The suit defines the class as “individuals who have been unable and will be unable" to obtain coverage through the Arizona Health Care Cost Containment System "for medically necessary male chest reconstruction surgery because of the [ban], and as a result, have faced or will face delayed or denied access to these medically necessary treatments.”

The claims say the state’s 1982 ban on “gender reassignment surgeries” violates the Affordable Care Act’s anti-discrimination provisions, the Medicaid Actand the Equal Protection Clause of the 14th Amendment to the U.S. Constitution.

According to the suit, the two came out as transgender years ago and since then have faced significant challenges as puberty began to change their bodies. It also states the reliance on chest binders to create a more masculine appearance forced D.H. to abandon his beloved hobby of dance and resulted in John Doe wearing a heavy hoodie through Arizona’s sweltering summers.

Both teens’ physicians recommended chest reconstruction surgery, and the state’s 1982 ban on Medicaid funding for “gender reassignment surgeries” means that as Medicaid recipients, they are ineligible for the medically necessary surgery even if a doctor recommends it, according to the suit.

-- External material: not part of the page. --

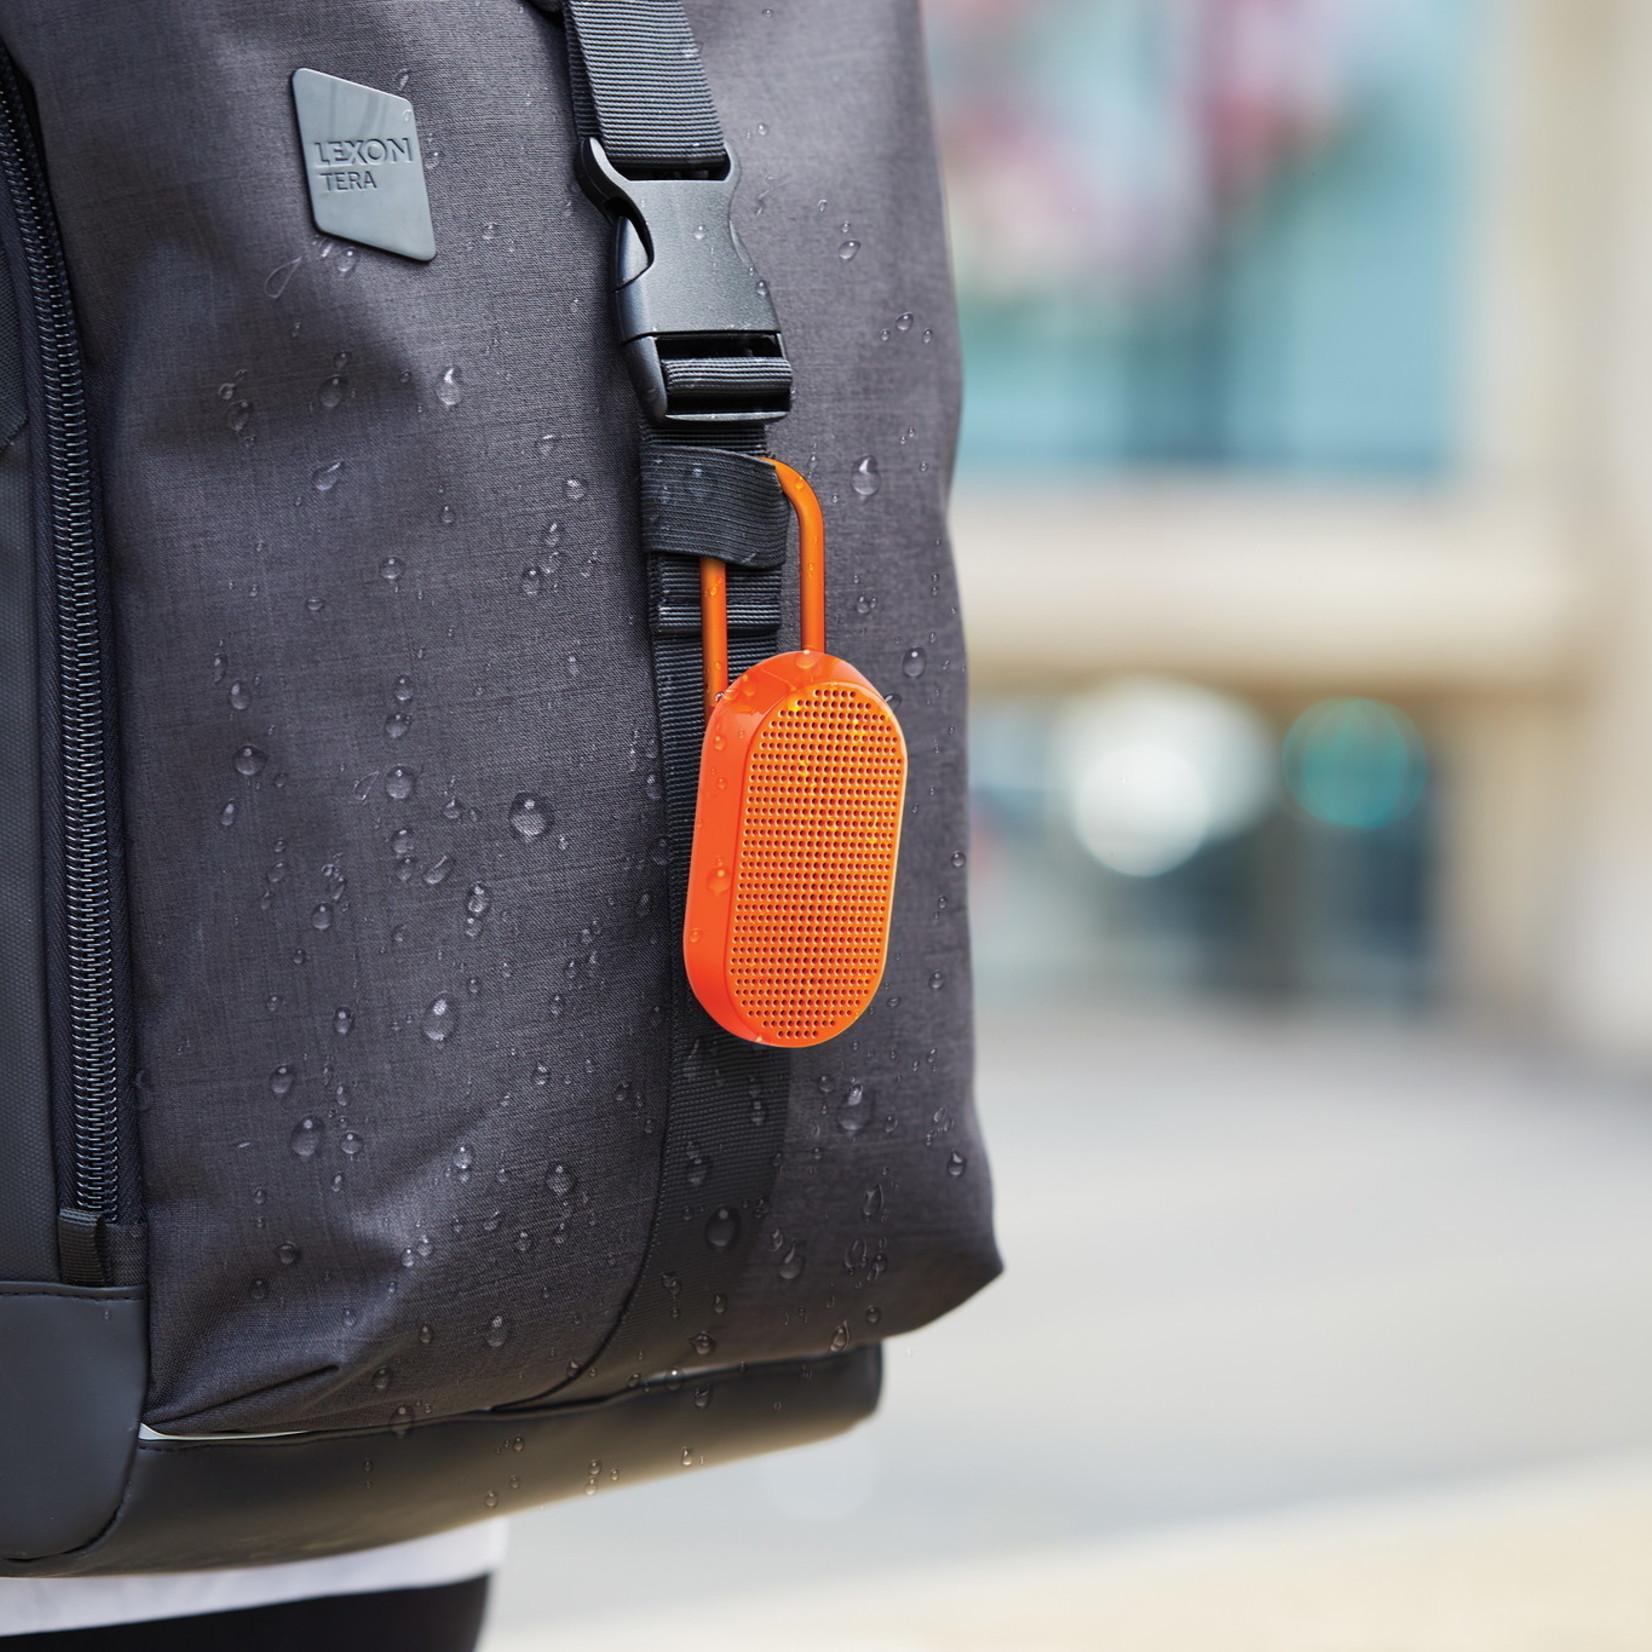 Lexon Lexon Mino T Orange Water Resistant Bluetooth Speaker

Arizona is among 10 states across the U.S. that explicitly ban transgender health care coverage for Medicaid recipients, according to Movement Advancement Project, an LGBTQ think tank. Twenty-two states and Washington, D.C., explicitly cover this type of care, while 18 states have no explicit policy regarding trans health coverage.

Asaf Orr, an attorney working on the case and the director of the National Center for Lesbian Rights' Transgender Youth Project, said there is "no legitimate justification for Arizona’s refusal to provide this critical care to transgender Medicaid recipients."

"Instead, excluding that care creates unnecessary barriers that prevent transgender young people from thriving in every aspect of their lives and can cause lifelong harms," he said in a statement.

In June's landmark Supreme Court decision Bostock v. Clayton County, Georgia, the high court found that the Civil Rights Act's ban on employment discrimination "on the basis of ... sex" also bans employment discrimination on the basis of sexuality and gender identity.

"In Bostock, the United States Supreme Court unequivocally held that the definition of 'sex' under federal law includes discrimination against transgender people," Orr wrote in an email to NBC News. "By maintaining and enforcing a categorical exclusion for surgical treatment for gender dysphoria, AHCCCS is impermissibly discriminating against transgender Medicaid recipients on the basis of sex and, as a result, the Court should enjoin AHCCCS from denying coverage under that exclusion."

The suit notes that Medicaid requires that recipients under age 21 receive "Early and Periodic Screening, Diagnostic and Treatment" so that major "medical, vision, dental, and hearing" problems are diagnosed and treated early in life. It then states that "[s]urgery to treat gender dysphoria, including male chest reconstruction surgery" is such a service.

Heidi Capriotti, a spokesperson for the Arizona Health Care Cost Containment System, declined to comment.

A number of lawsuits involving transgender health care and insurance coverage have recently made headlines. Earlier this week, an Iowa appeals court dismissed a 2019 lawsuit challenging a state law that does not require Medicaid to pay for transgender Iowans' gender reassignment surgeries. And last month, a transgender man sued the University of Maryland Medical System in federal court, claiming his rights were violated when his gender-affirming surgery was canceled by one of the hospital system's subsidiaries. In perhaps the most high-profile case, 23 Democratic state attorneys general sued the Trump administration last month seeking to block its implementation of a rule overturning discrimination protections for transgender people in health care.